● **WHAT YOU ARE ASKED TO DO**
Since the listing below shows pictures, leave them out and write out exactly the lines from the line with "Star Wars #20" to the line with "solkoderm - Bőrgyulladás September", both included, and no others.

SUPPLIED RECORDS: Begin

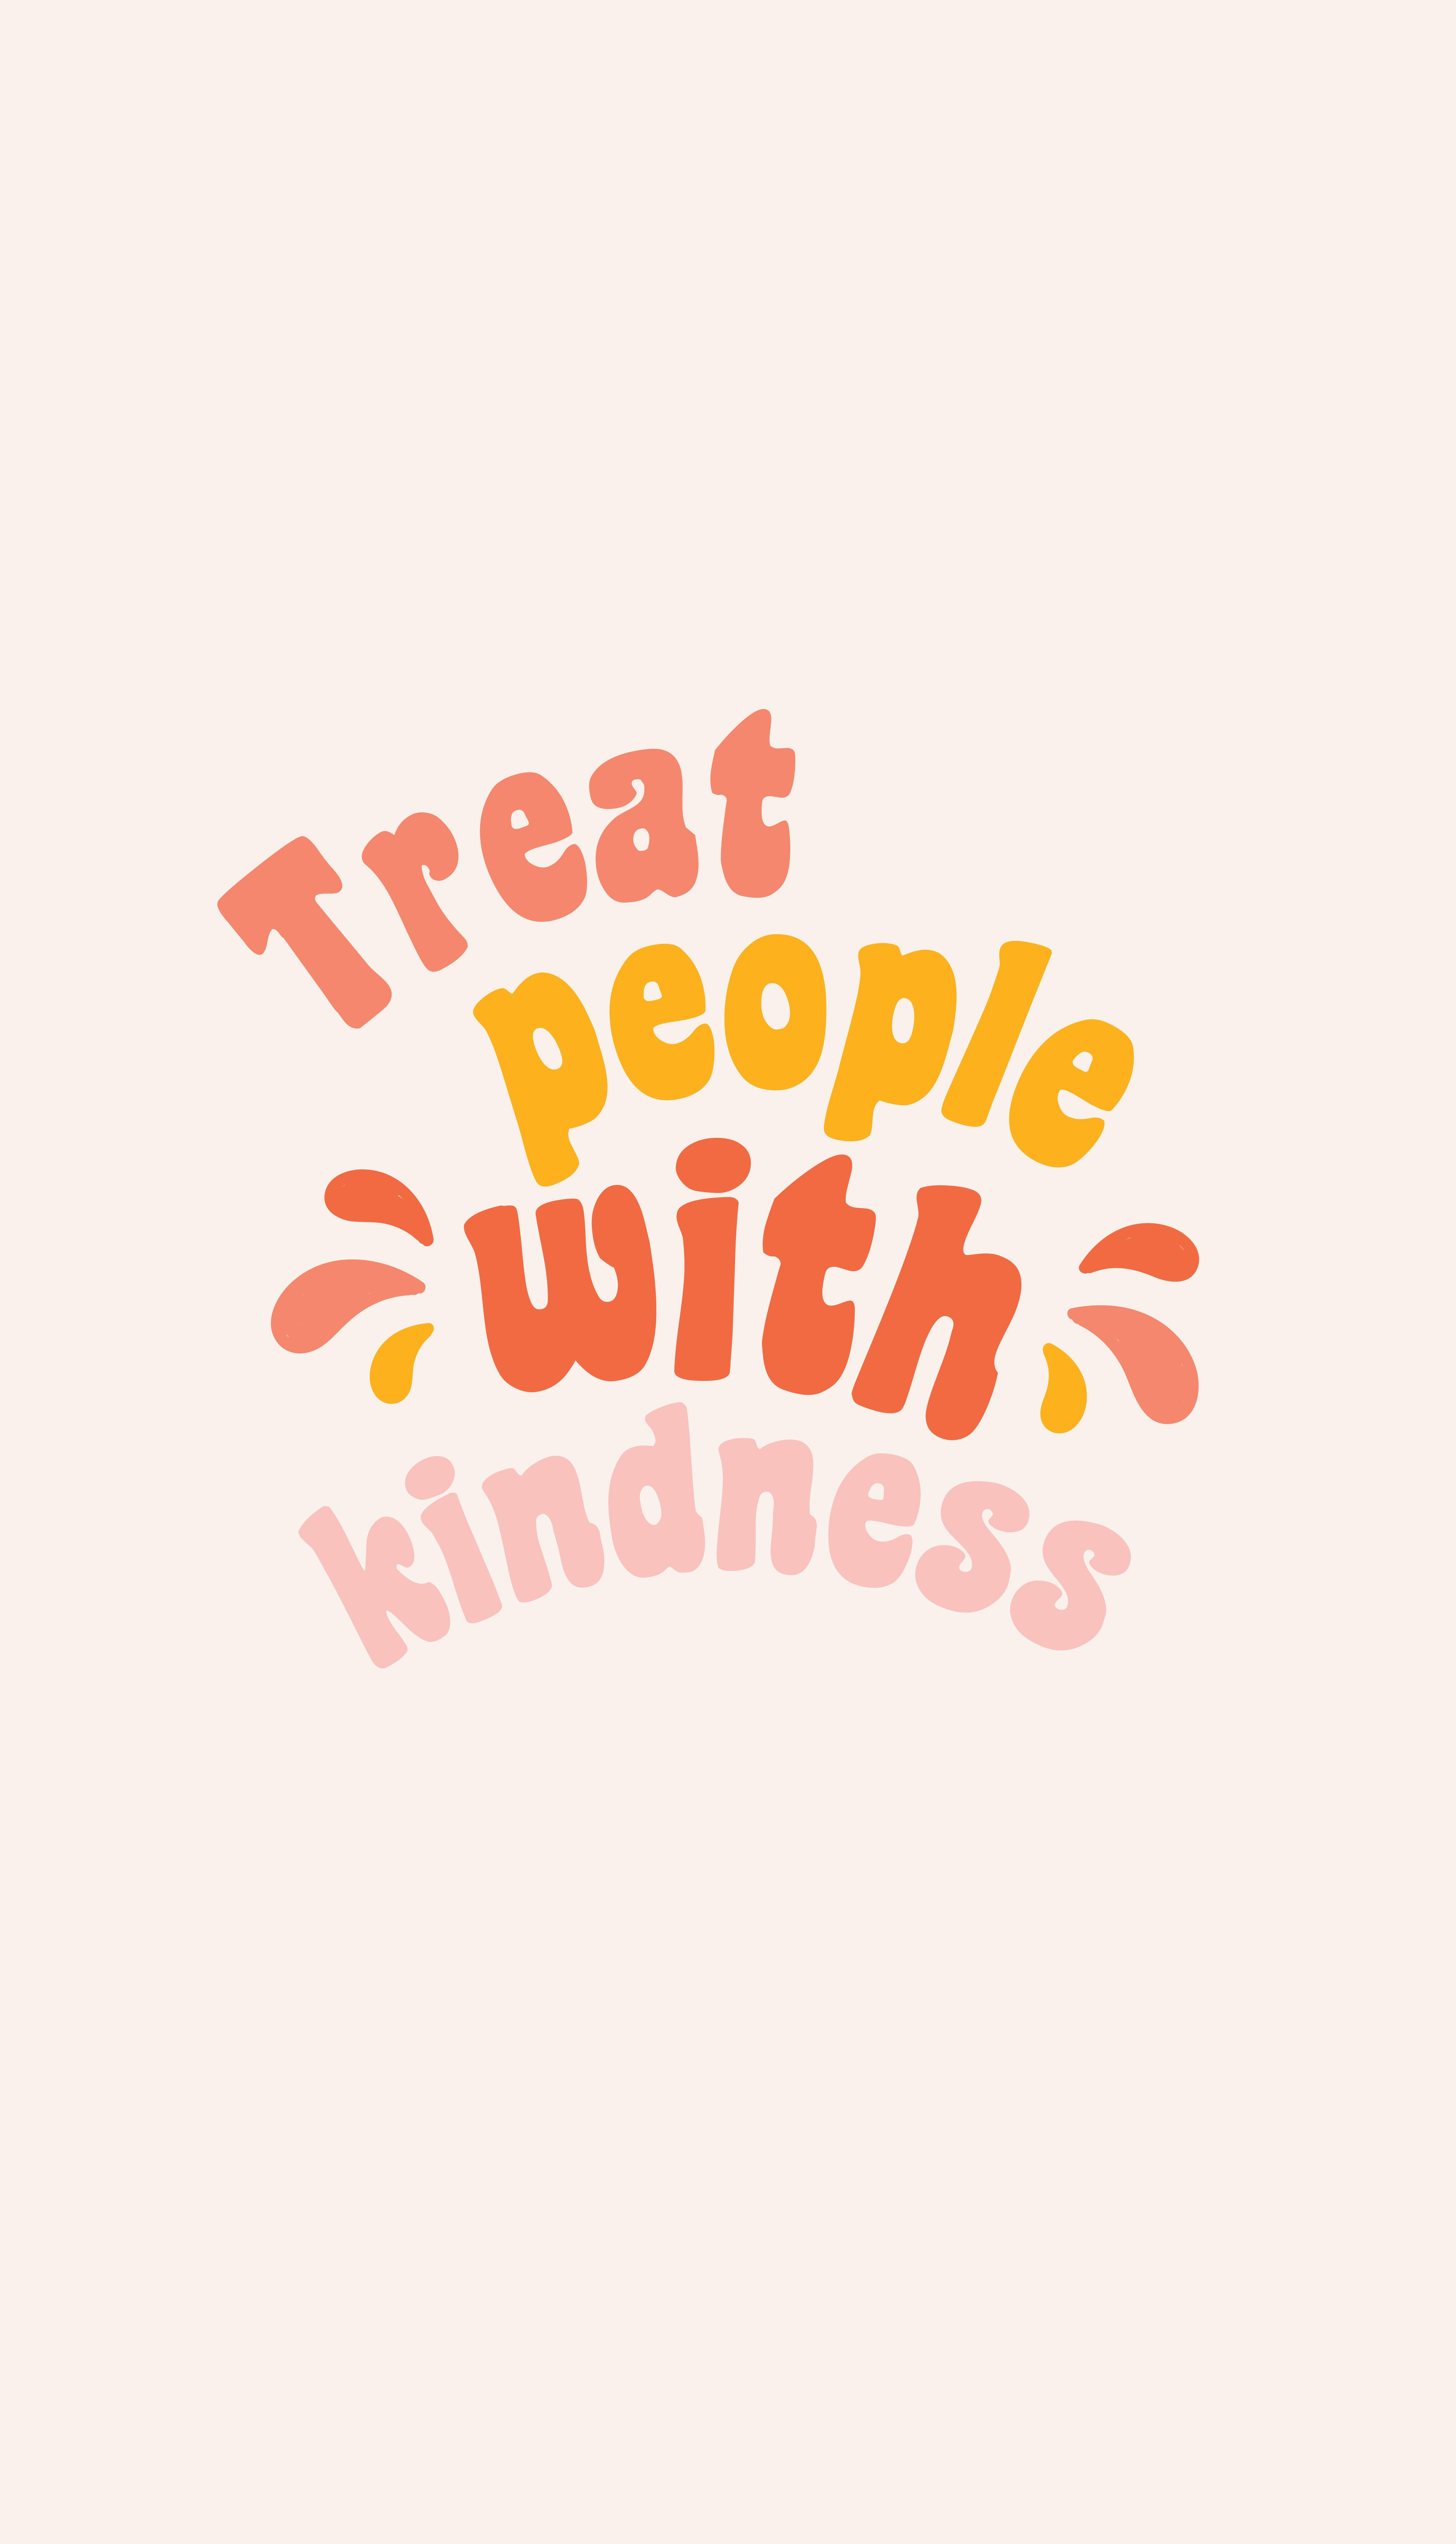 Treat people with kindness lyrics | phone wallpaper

SUPPLIED RECORDS: End
SUPPLIED RECORDS: Begin

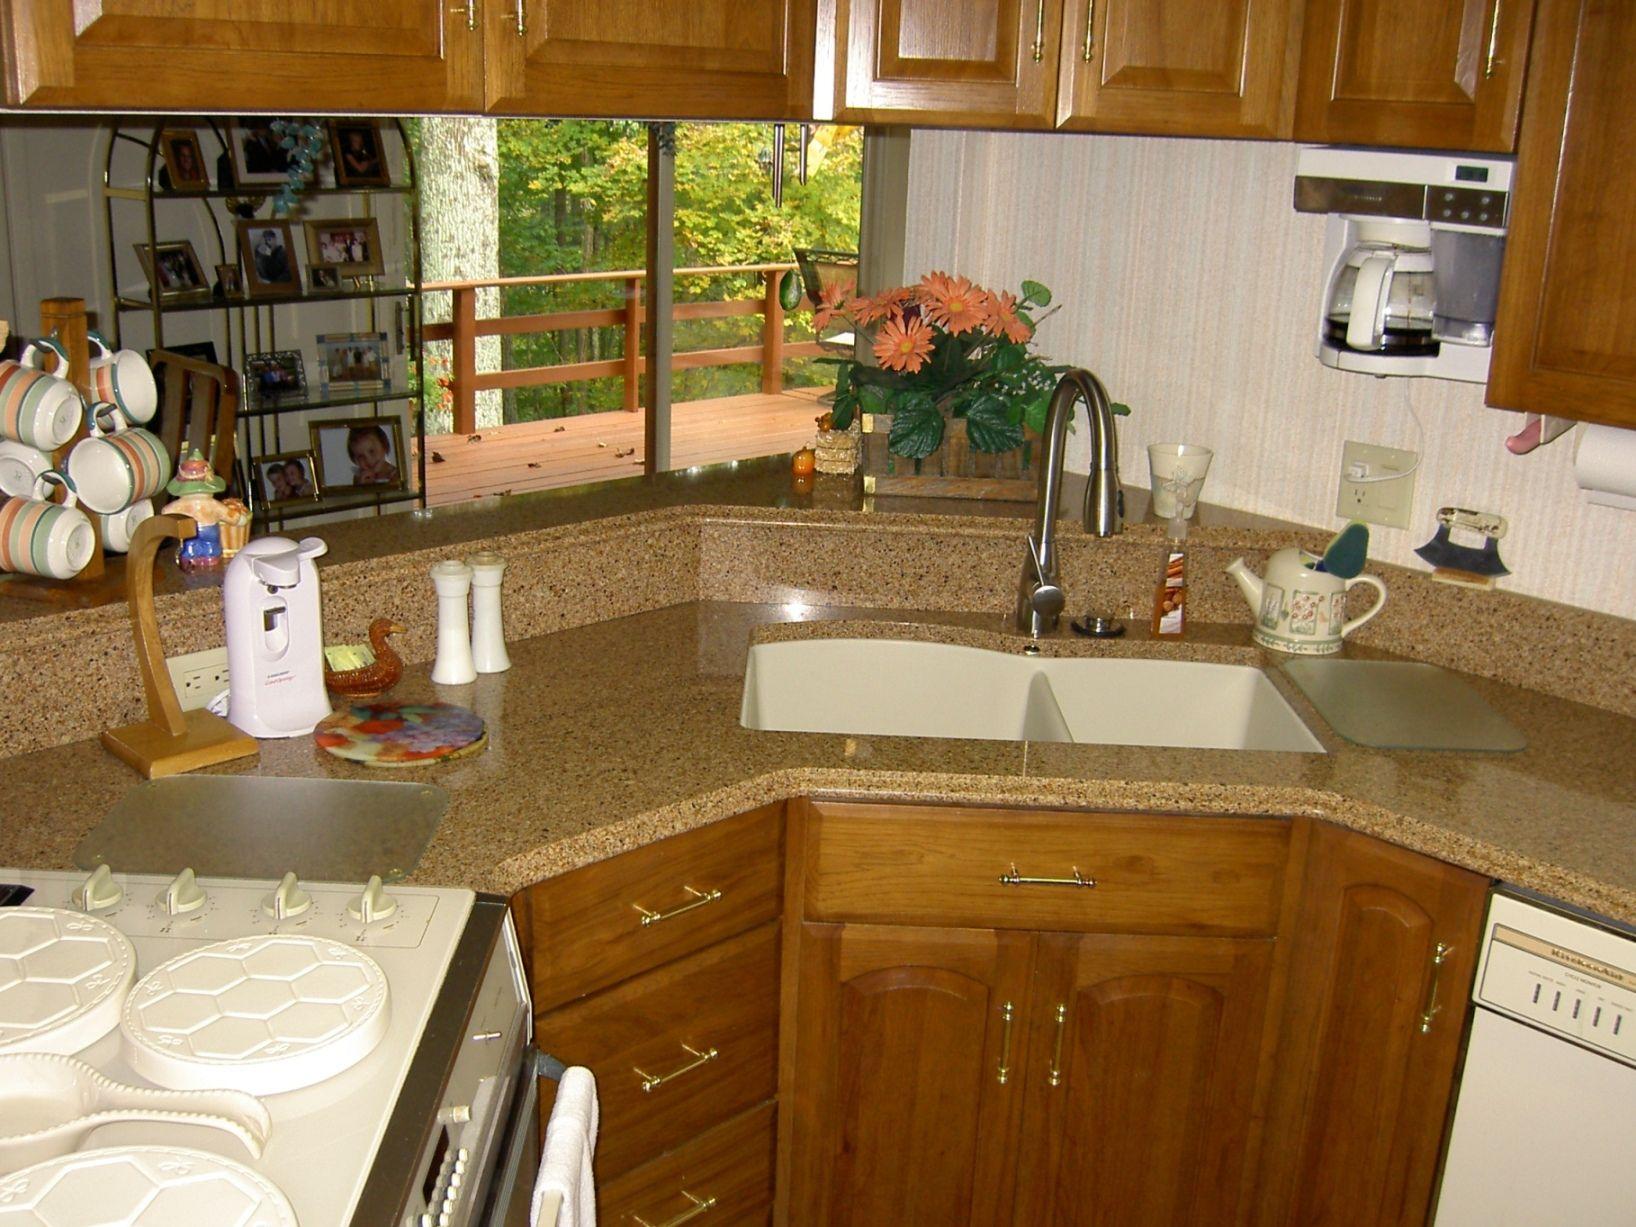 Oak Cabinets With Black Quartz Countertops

SUPPLIED RECORDS: End
SUPPLIED RECORDS: Begin

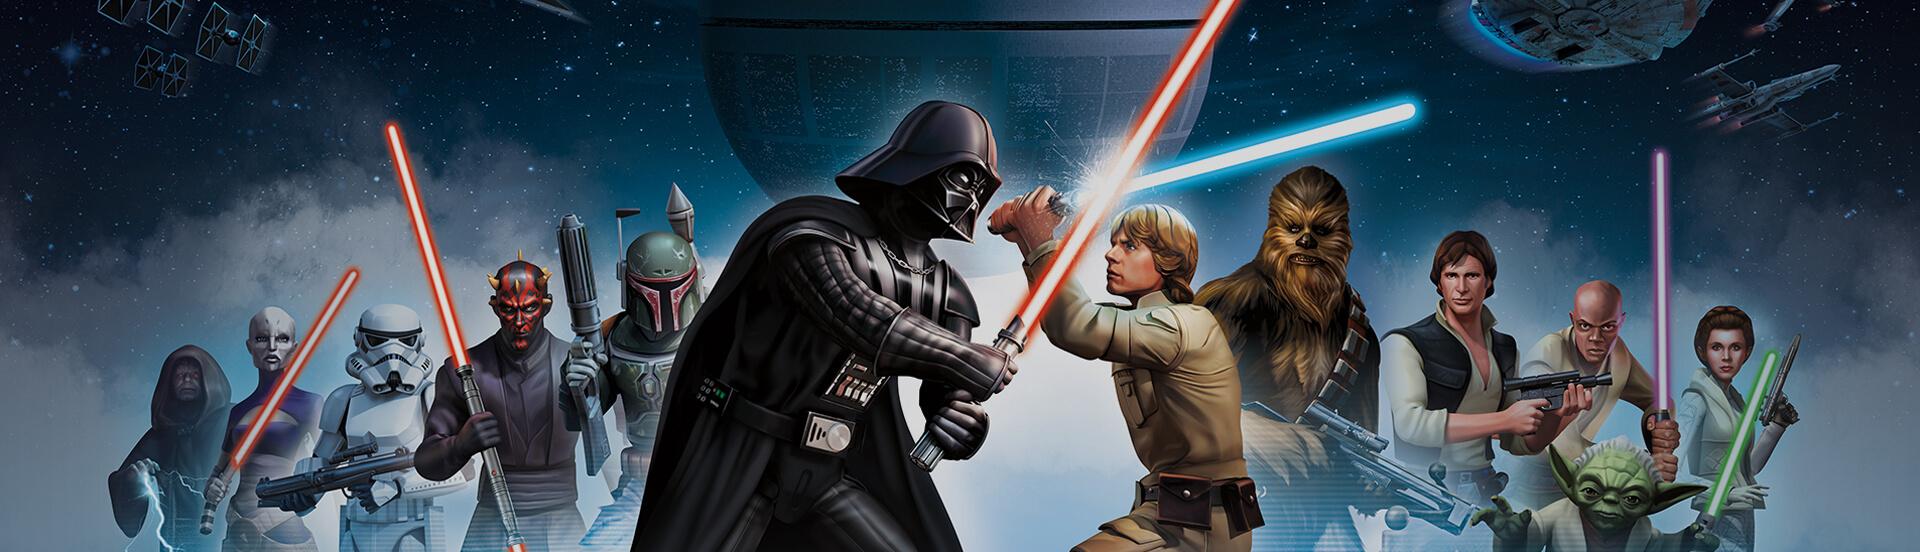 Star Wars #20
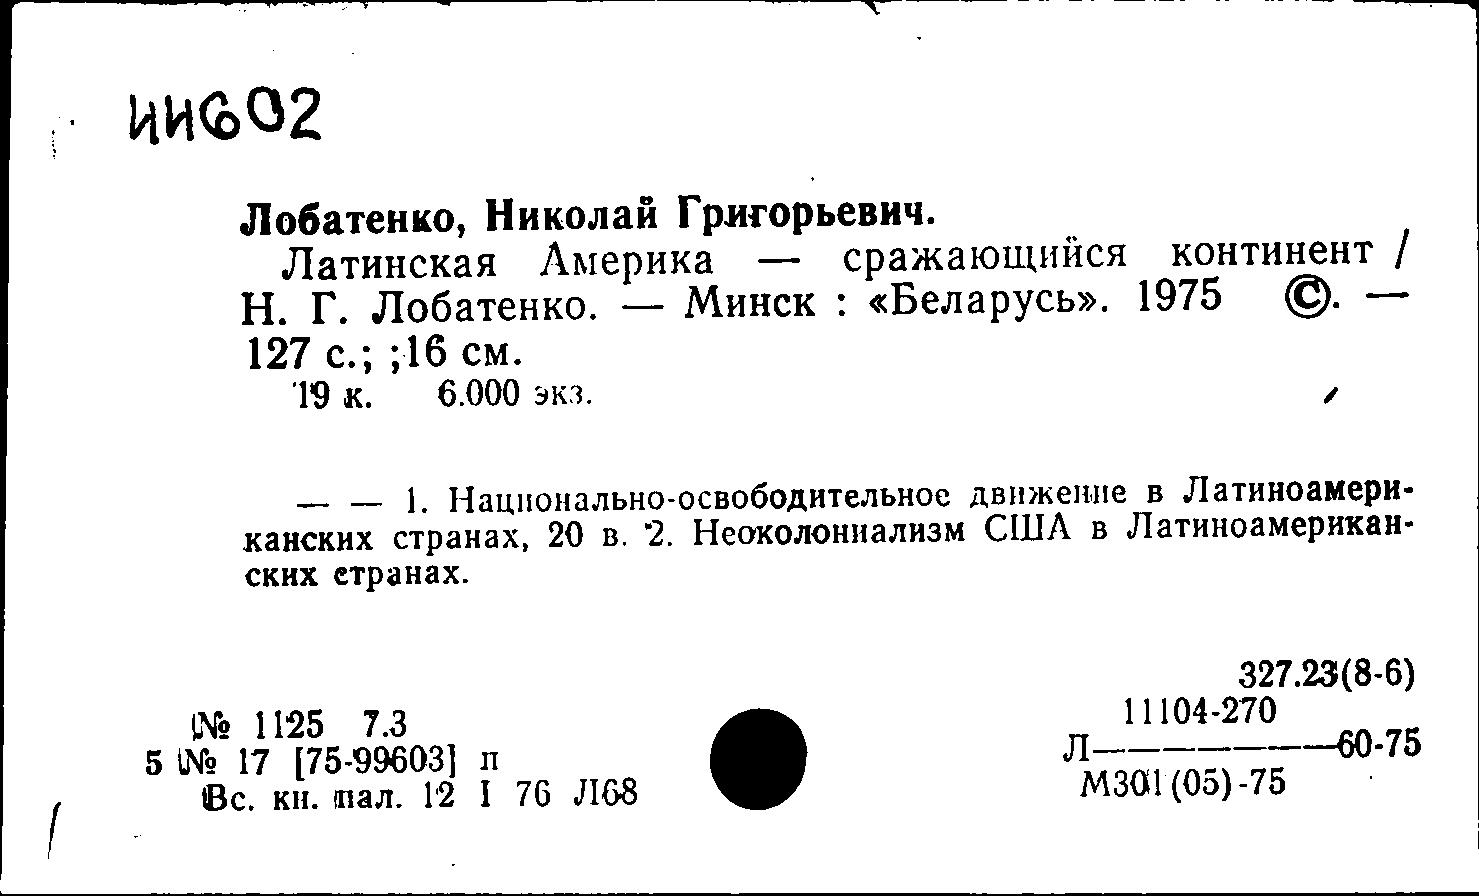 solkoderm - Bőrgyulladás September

SUPPLIED RECORDS: End

● **ANSWER FOR THE TASK**
 Star Wars #20
 solkoderm - Bőrgyulladás September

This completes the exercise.